Silicon is a very common element in nature and is generally known under its natural inorganic forms such as silica and silicate, and also under the form of synthetic polymers, the silicones. These silicon-containing compounds are barely soluble or not at all soluble in aqueous medium which explains their weak incidence at the alive organisms level. The silicones, in particular, are characterized by a great inertia towards the biological medium and consequently present a high biocompatibility.
However, the silicon, even in minute quantities, plays an important biological role and must be considered as an essential element of life. It is especially necessary for a normal growth of numerous species. It has been demonstrated that silicon was intervening in the connective tissue structuration in interacting with the glycosaminoglycan and proteins.

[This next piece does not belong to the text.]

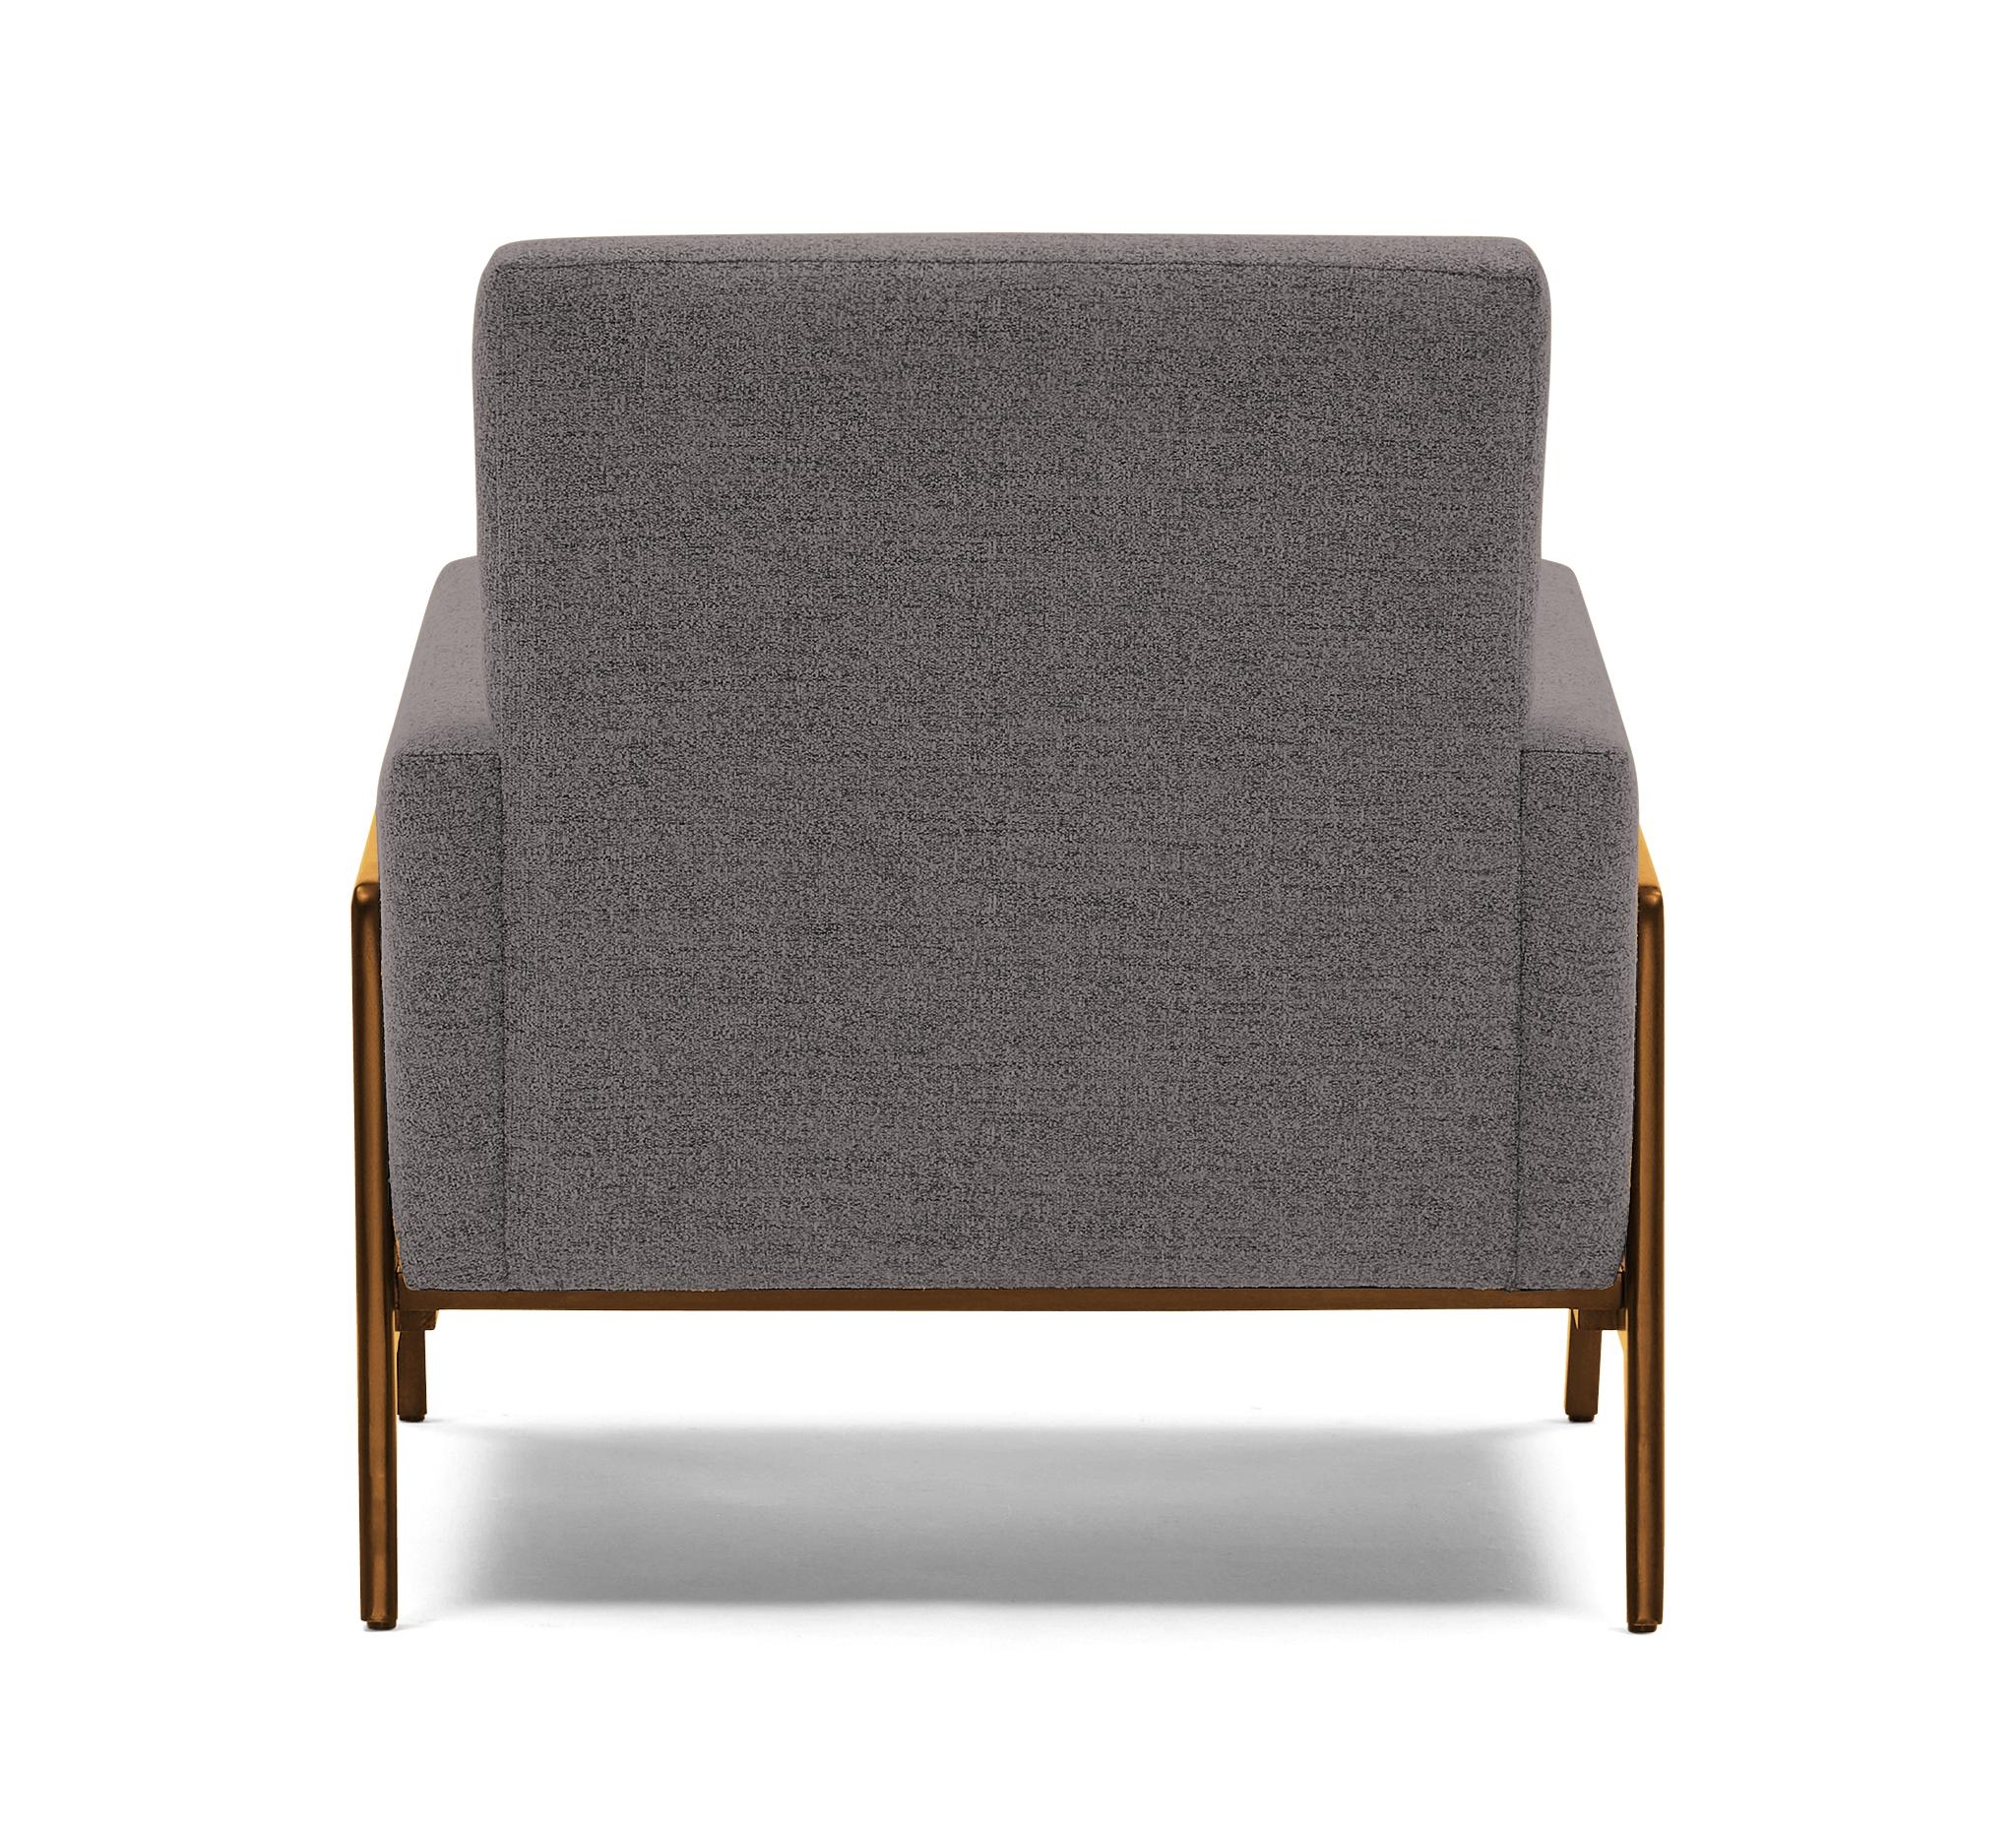 Gray Clyde Mid Century Modern Chair - Taylor Felt Grey - Mocha - Image 4

This is one of the constitutive elements of proteins-glycosaminoglycan complexes found in the extracellular matrix of these tissues. Silicon also interacts with the glycosaminoglycan in the cartilage tissue development. We also know that silicon plays an important role in the bone formation where it favours the mineralization process.
Besides, silicon can be considered as a collagen constituent and we think that it plays a major role in the reticulation process of collagen fibers. Silicon also intervenes at the hair texture level where it would especially contribute to increase the resistance of the hair fibre. Silicon is also involved in the cell metabolism and it would be especially favourable to the metabolic activity of osteoblasts.
Beyond the cross-linking power of silicon and its implication in the metabolic activity of some cells, it appears that a high silicon content, in the tissues, jointly with the glycosaminoglycan content is characteristic of healthy and metabolically active tissues. In the same way, numerous works have demonstrated the importance of silicon in the physiological cycle regulation of the hair.
Today's researches tend to reinforce the idea that silicon intervenes in numerous biological mechanisms. Recent works have even demonstrated that silicon plays a major role in the aluminum elimination by biological systems.
Works of the applicant have demonstrated that silicon compounds could constitute a form of assimilable silicon by the organism (as opposed to mineral silicon or to silicones) on condition that it possesses the characteristic of existing in aqueous solution under the form of soluble oligomers of low molecular weight. Furthermore, another necessary characteristic of the oligomers activity in aqueous solution is to present numerous Si--OH functions. So, it is evident that the biological properties of these bioavailable compounds are only observed if they form soluble oligomers in aqueous solution, which result from a chain of siloxane bonds Si--O--Si, rich in Si--OH functions.
Apart from the fact that the presence of Si-OH highly polar functions confers their water solubility to the oligomers, at the present time, we think that a part of the properties observed are conducted by the fact that the chemical species involved in most of the above mentioned biological mechanisms would be a form of soluble silicon, the silicic acid of Si(OH).sub.4 formula. This compound only exists at very low concentrations in water since it has a very strong tendency to polycondense to form silica.
Consequently we have researched more stable products similar to silicic acid, by chemically modifying the Si-OH functions. It quickly became obvious that these functions were essential for the biological activity. In other respects, we knew that a series of natural compounds, and among them, the tannins and the catecholamines were capable of forming a complex with the silicic acid and like this were capable of increasing its stability in solution. These complexes would be the way of transport for the silicic acid in the organism and it is under this form that the cell would introduce the silicon. Nevertheless, their stability is still too weak for the carrying out of a pharmacologically active product.
The applicant has perfected active analogues of these complexes. It concerns products resulting from the complexation between a complexing molecule and an active organo-silicon compound. The characteristic of these compounds is to possess several Si-OH functions like the silicic acid, but also one or two carbon-silicon bonds. Nevertheless, these analogues possessing researched biological properties, even if they are more stable than the silicic acid complexes, still they must be prepared under the form of diluted aqueous solutions, which silicon content cannot exceed 2 g/litre owing to the fact that with a higher concentration, we would favour the polycondensation.